Saturday night, July 22, 2023. Cubby's Hole! We agreed to meet here. I get here early! The kids got here earlier. My slot is 7:15. Unless other players show up it could be over by 7:30. Some do; come in carrying instruments. I go and move my name to the 7:45, let them go ahead of me.
Oh well. I'll treat... whatever in the hell her name is... to dinner, and play, and we can go. Unless... she wants to stay. Whatever. I really don't care. I fed her that line, "Anywhere, as long as it's with you." It was just... a line; just how old men flirt. Not even that. Just something I said without any thought behind it.
But... now... I'm getting kind of... hungry for her. I like the way she looks. I like the way she talks, in spite of her... sometimes... nasty attitude. It's... It's not real, really. She's... just a typical... damaged... soul, like all the rest of us. None of us trusts anyone, and rightly so, in this freaked out... Human Phenomenon. Psycho-politics and terrorist wars, Coronavirus Pandemic, and... life in the twenty-first century. If you haven't gotten a little crazy you haven't been paying attention.
I like her. She's certainly made my life... more... interesting. I've looked forward to seeing her all last week, and this week. I was impatiently patient. Can you be impatiently patient? I just stayed focused on the coming of Saturday, today.
I made the mistake of telling Patreaca we were coming. She's all excited, watching me, watching for 'that little girl' she saw leaving that morning.
Holy crap! There she is! She just pulled in across the street in front of the music store. That car; she never did tell me what kind it is. She's getting out; phone to the hip pocket, look left, right, wait for traffic to pass. She's wearing that black top she had on when I met her. She looks... delicioius! I step out the door on the restaurant section. She sees me, grins, hides it, can't, grins again, cute little wave. She comes across the lanes and in between the parked cars and onto the sidewalk and... two kids yell something. She looks down the sidewalk to her right and her face registers confusion. I look to my left. The kids run up to her! They hug her. She hugs them.

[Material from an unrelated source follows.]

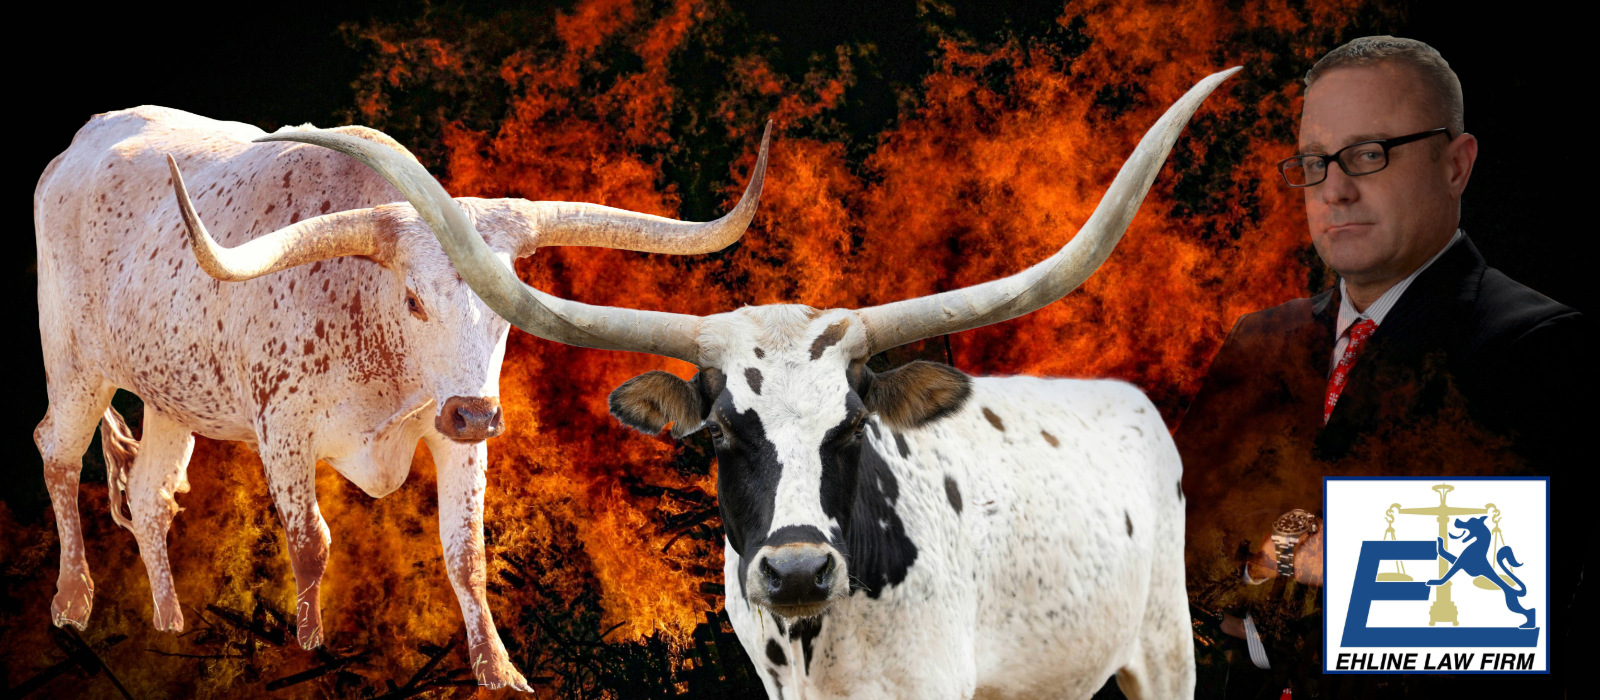 Texas Cattle Wildfire Attorneys

"Where's your Mom?" she says.
The little boy and girl, nine or ten years old say, together,
"Gramma brought us!"
Now her face is really registering confusion, distress, something. She seems about to swoon as she turns her head enough to roll her eyes to look into mine.

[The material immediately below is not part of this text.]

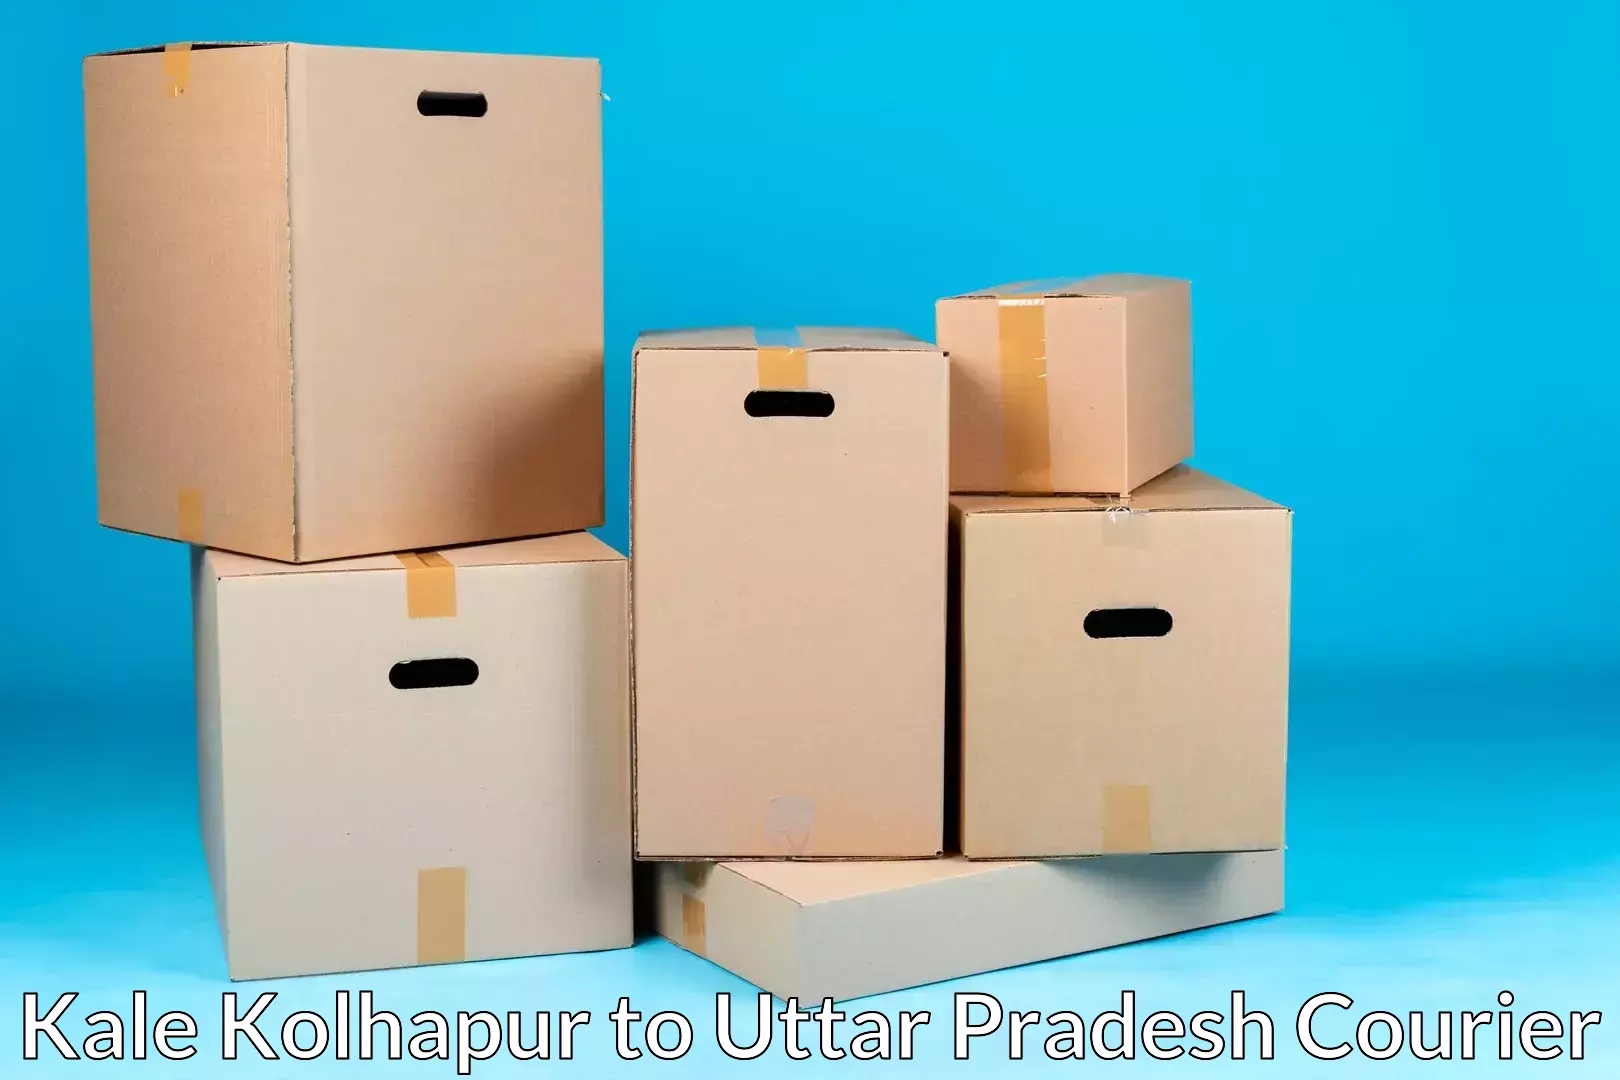 Furniture delivery service Kale Kolhapur to Amity University Gautam Budh Nagar

"M-My... m-mother's... here," she says in a stuttering moan, repeats, "My... mother's here!" The repeat seems to be for her own confirmation of the fact; not to inform me.
Now my face must be registering something. She looks at me, a pained smile, reaches with her left hand, touches my shirtfront. I'm bringing up my right hand to take hers, but she drops it to the kids again. I look down the sidewalk, see a car door standing open, a woman locking the door and closing it. Up the sidewalk she comes, dark hair, cut like... whatever in the hell her name is's... nice dress, nice smile, nice shoes, nice purse. Her mother looks like her.
Before her mother can get near enough to hear it I hear... my friend... say, "Mom, what are you doing here?"
Girls and their Moms; there's a psychology dynamic. Like I say, the question is asked, not so Mom can hear it, but rhetorically, of the night sky!
The kids have taken her two hands, spread her arms to left and right, ready for a hug.
"Gramma brought us to hear the music!" the little boy says. The little girl has crossed in front of... her... and is looking at the bar section, that recessed door on the right of the building.
"It looks like a bar!" she says.
"It is!" the boy says. "Gramma says it's a beer joint!"
Beer joint? I haven't heard a bar called a beer joint in a while.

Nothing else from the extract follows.